Seems there is still debate
1) It must be possible in theory to verify the run by replacing the keyboard and joystick inputs with a bot in theory. This disqualifies ram injection/vdrive/virtual device traps.
2) The fastest loading original should be preferred. Cartridge is always fastest, but if it's not available for cart, usually disk is faster. But taking advantage of a glitch only present in an earlier release.
3) Format conversion was never intended to be possible. as programs were usually copy protected. It sometimes is still doable without extra peripherals. There are a number of tape to disk transfer utilities. The action replay cart, for example has a built in "novaload transfer" routine that will save a novaload tape to disk for later loading. many cracking groups wrote their own tape transfer utilities. But you would often usually need to crack the protection. transferrig form tape to disk can speed load times. transferring from disk to tape is pointless. transferring to cart is impossible under our guidelines.
4) while glitches are generally fair game, glitches that are only present when the game runs on the wrong video game system, and affect gameplay beyond the 50/60 hz change are not fair game, and mean you must use the video system where the glitch is not present, unless the game was officially released in that territory.
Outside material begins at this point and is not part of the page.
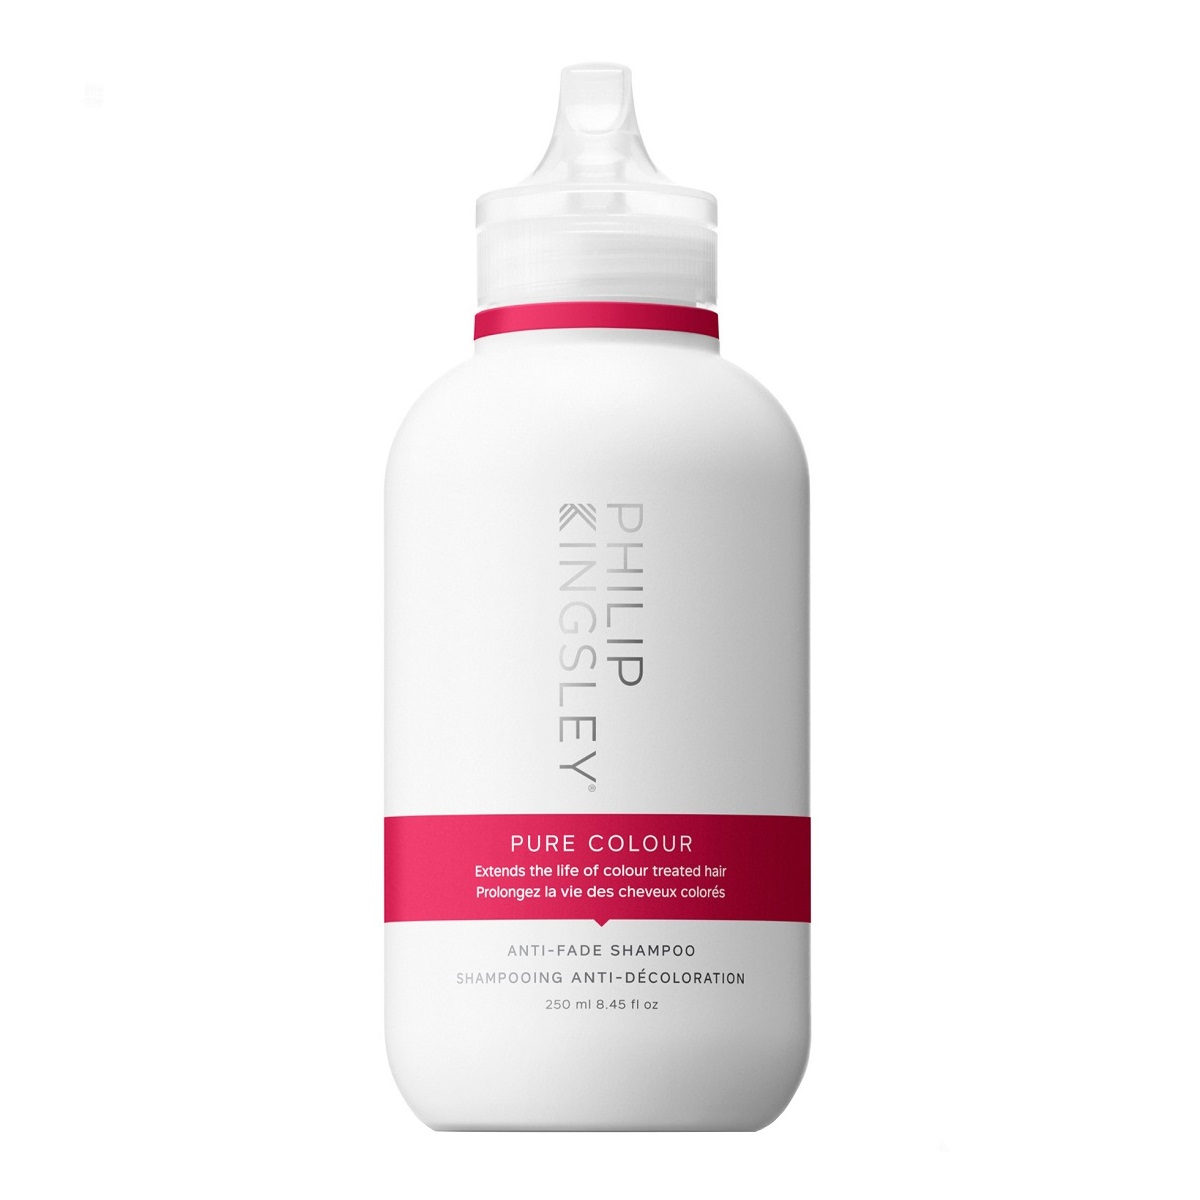 Philip Kingsley Бессульфатный шампунь для окрашенных волос Anti-Fade Shampoo, 250 мл (Philip Kingsley, Pure Colour)

5) i still disagree on the decision that running a game that was not released in ntsc territory in ntsc is a valid choice. It's not a valid choice because real people don't have that option. their real tvs back in the day can only handle their own video standards. This is also to provide parity with console releases, where PAL versions must be tased on PAL emulation, admn NTSC versions must be tased on ntsc emulations. If we are allowed to tas pal released c64 games on NTSC settings, we would also allowed to tas pal NES game son NTSC settings. The fact that many games run on both is not a valid argument.
c64 preservation (
https://rittwage.com/c64pp/dp.php?pg=database) is an authority on if an original is PAL or NTSC for games released on disk. Look up the game there if it's a disk image.
I will throw some examples.
Great Giana SIsters. if you look it up there, ther'es only a (PAL) version. that's a very strong clue that the game is PAL. it was neve released in the USA at all.
Ollies Folies. It notes that the loader crashes on NTSC, but the game doesn't appear to be PAL. NTSC is correct for this game.
Encounter. The disk release is NTSC, as it's by synapse software. all novagen releases of the game are PAL, because they crash on NTSC intentionally. the game was developed on PAL, but got a commercial NTSC port. The novagen tape orginals only run on PAL, so they must be TASed there. There IS a ROM difference, in this case.
Uridium. the game has pal releases, as well as a worldwide release by mindscape. NTSC is correct. It turns out most of Andrew Braybrook's games (Uridium, Gribbly's Day Out, Alleykat, etc.) account for pal/ntsc differences in their coding. Whichever is faster should be used, and it's probably NTSC. Any game that accounts for differences is a glabal release, even if not actually sold as such. For uridium he outright states that the us and europe releaes are identical.
Thing on a Spring. there's no PAL after it, s it got an NTSC release by Epyx. TAS that release there, or other tape releases on pal, if it's faster.
Working out pal/ntsc is not as hard as it seems.
If you can't find a disk release of the game, unless it was made by a known US company (Epyx, Synapse,Activision non lucasfilm, br0derbund, etc.), the game is most likely PAL.
If you CAN find a disk orginal, and it works fine on NTSC, it's PROBABLY a NTSC game.
high voltage sid collection is a fairly authoritative resource. you simply punch the game title into the sid search, and usually it will come up. there's usually enough info to make a reasonable determination. That said, it's still not perfect (it say Commando is PAL, where a listen and compare with the arcade says otherwise, and c64 preservation confirms a US release from data east).